Adobe Digital Video Collection: Cost-effective, Tightly Integrated

When choosing software for a digital media curriculum, there are always two major issues to consider: the presence of the software in the industry and user community and how “teachable” the software is. On both counts, Adobe’s Digital Video Collection is an attractive package to help students master digital video.

The Digital Video Collection includes four applications, Adobe Illustrator, Photoshop, Premiere and After Effects.

As a group, these four packages’ strongest benefit is Adobe’s uniform interface. Although there are differences in the interface to match the different functions of each program, once a student becomes familiar with the basic characteristics of the Adobe interface, each succeeding Adobe product is easier to learn. In addition to uniformity of interface, these four packages reap the benefit of being from the same company in other ways, including a fairly seamless exchange of files and maintaining the integrity of layers.

Individually, the packages also have advantages. Illustrator holds the lion’s share of today’s vector-based illustration market. While its use in creating digital video can certainly be questioned, the value of being fluent in Illustrator cannot be over-stated. If your only focus is on digital video production, you may find Illustrator the most underused application of the package. But if your focus is broader, the inclusion of Illustrator makes this package a economical.

Photoshop is everywhere. Every digital artist, whether a layout artist, Web designer, 3D animator, or video artist, uses this powerful raster tool. With each version of Photoshop comes more power and more versatile features. Unfortunately, this added versatility comes with a price: the days of a sleek image editing application are gone; so are the days of getting by with minimal RAM.
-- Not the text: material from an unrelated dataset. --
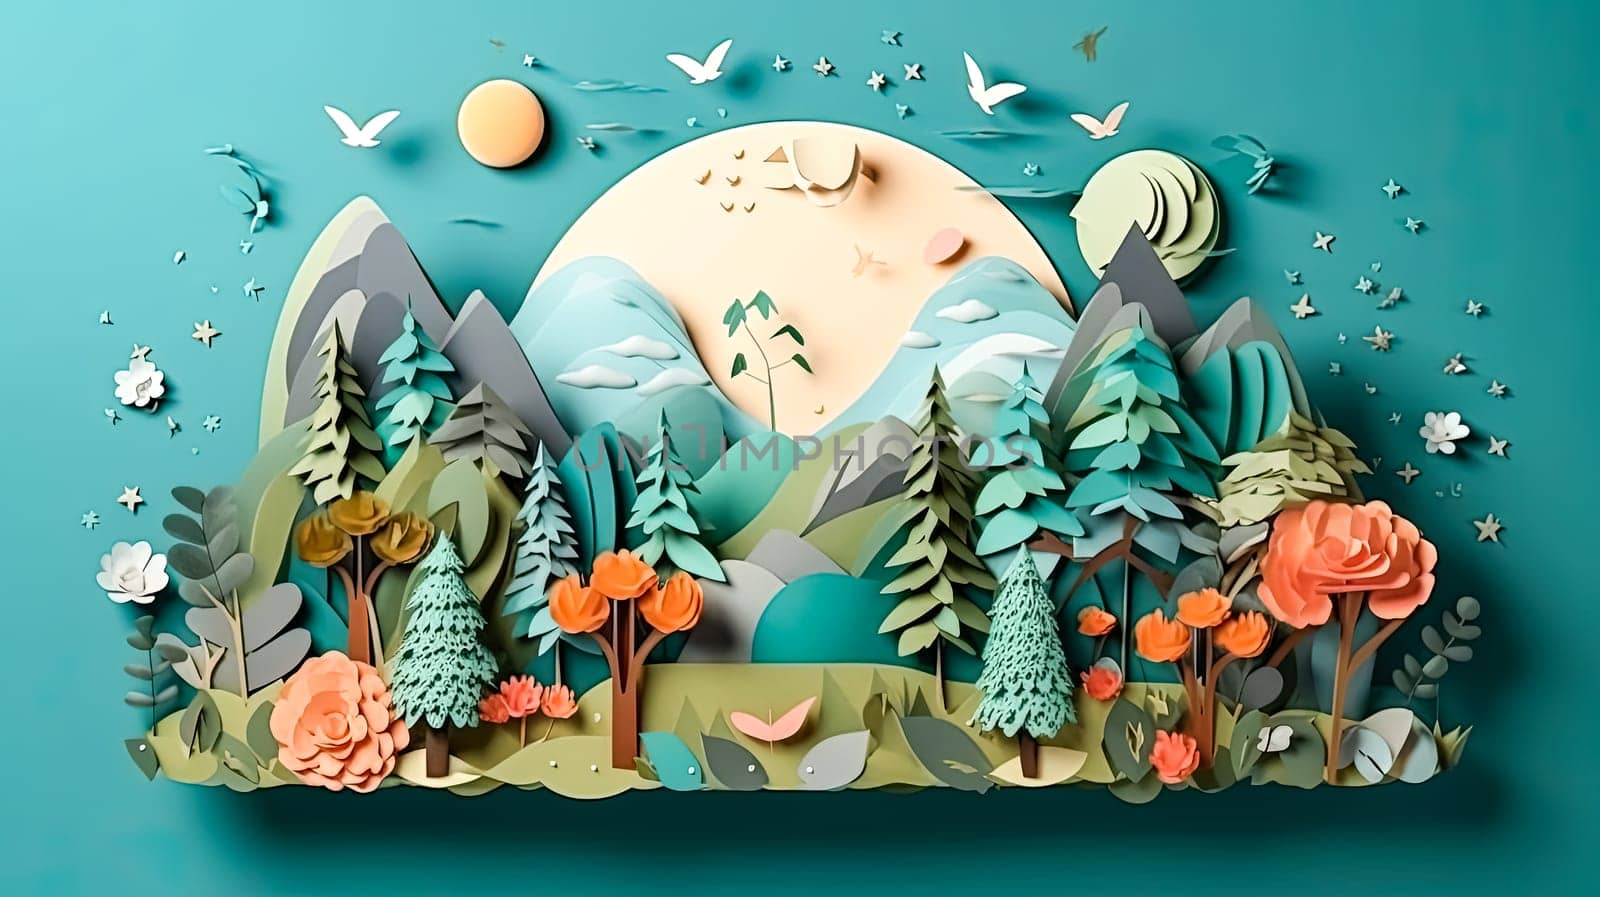 Earth adorned with trees and grass, a vibrant illustration of nature by Alla_Morozova93
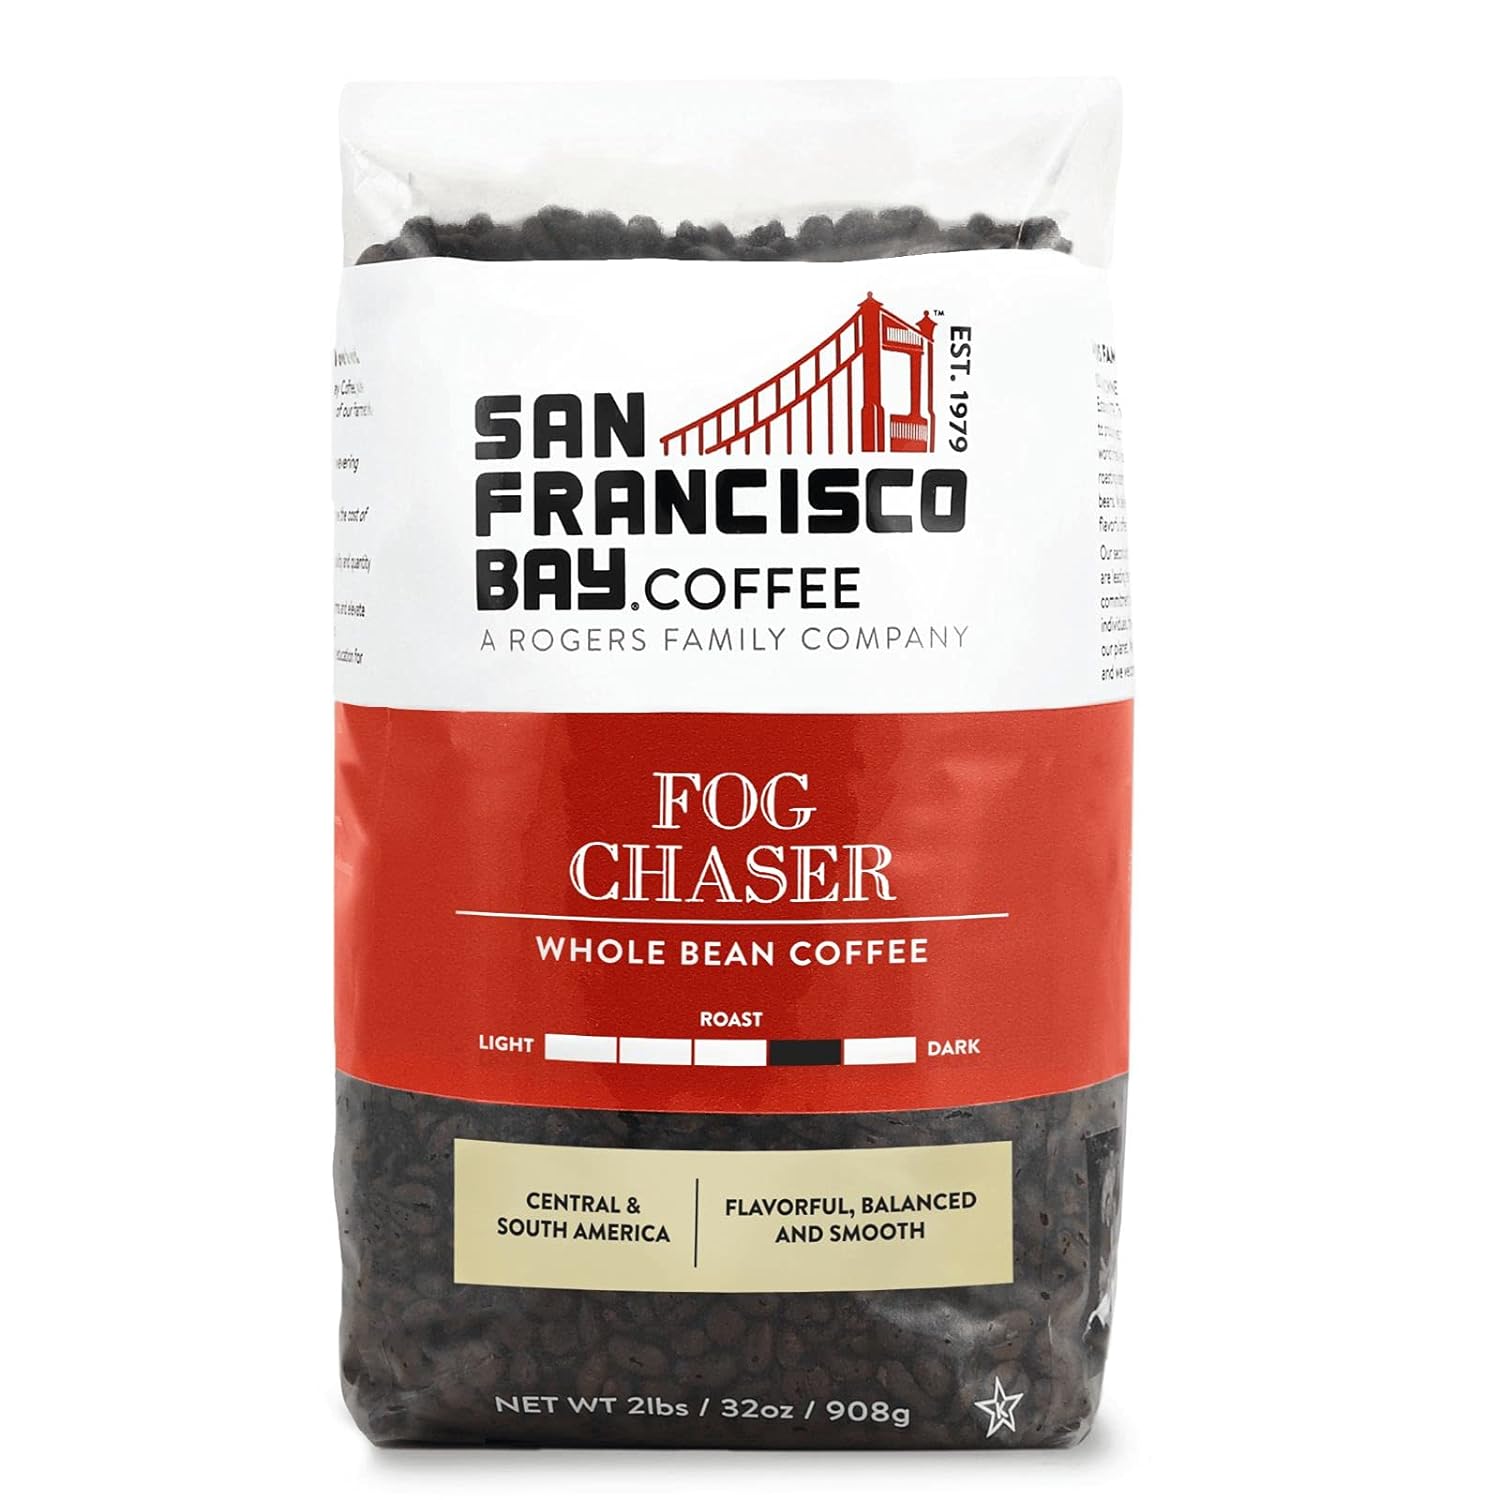 2-lbs San Francisco Bay Whole Bean Coffee (Fog Chaser or French Roast) $13.50 & More w/ S&S + Free Shipping w/ Prime or on $35+

If you’re using an older machine with 64Mb of RAM, you probably will be more frustrated than empowered with Photoshop 6. The tools are also becoming so diverse and so deep, teaching Photoshop 6 can feel a bit like trying to teach someone to weed their flowerbed with a bulldozer. Its easy for a student to become bogged down in the myriad options and flexibility of the Photoshop toolset. Plan on spending some time becoming acquainted with this program’s dark corners and how to back out of them, because you’ll inevitably find your students there.

Still, with new features like resolution-independent vector outputs, the entertaining liquify command (a sort of image putty), and a new ability to effectively manage layers and text, you’ll find the added time learning Photoshop 6 has big payoffs.

It would be hard to claim that Premiere (the video editing component of the package) is the end-all-be-all of digital video. As the gap between high-quality broadcast video editing and desktop video editing has narrowed, several powerful and elegant packages have emerged, leaving Premiere to play catch-up. However, with version 6, Premiere comes into its own with the NLDV Firewire revolution. Using any G3 or G4 Mac, or any PC with a Firewire (IEEE 1394) card, Premiere allows for full NTSC video capture. The editing of this DV-compressed video will enable students to work with and output broadcast quality video from the start rather than the traditional 320x240 projects of yesteryear.

Perhaps the most powerful selling point of Premiere is its scalability as a teaching tool. Although Premiere 6 will permit Single-Track editing, it will also allow students to work in the A/B Editing workspace. Students should learn Single-Track eventually, but A/B editing is such an intuitive and visual way to edit that here at the University of the Incarnate Word, we often teach everything that our beginning 3D animation students need to know to assemble their 3D projects in one session. The transitions are easy to understand, timing and sound fall into place easily, and students see immediate success.

After Effects is just plain fun power. True creativity emerges when students get their hands on this compositing package. Although perhaps not the industry cornerstone, it is widely used. It is a great way to get students started in multilevel time-based media. The production bundle comes with robust filters that can be combined in dynamic ways to create a look and feel unique to each student. “Intelligent caching” makes workflow smoother and helps with RAM-challenged machines.

Both After Effects and Premiere are powerful programs that need large amounts of RAM. Adobe recommends miniscule amounts of RAM and storage space for these two packages, but its hard to maintain momentum when students can’t keep their machines from crashing, or can’t output their files due to lack of RAM and hard drive space.

Students well trained in these four packages will be well trained in tools seen everywhere in the industry. You simply cannot escape the reach of Adobe in the digital media world. If you are working with dated hardware, upgrading to this package may not be the best choice, but with good hardware, and time to explore its new and powerful features, the Digital Video Collection from Adobe is becomes a potent teaching package.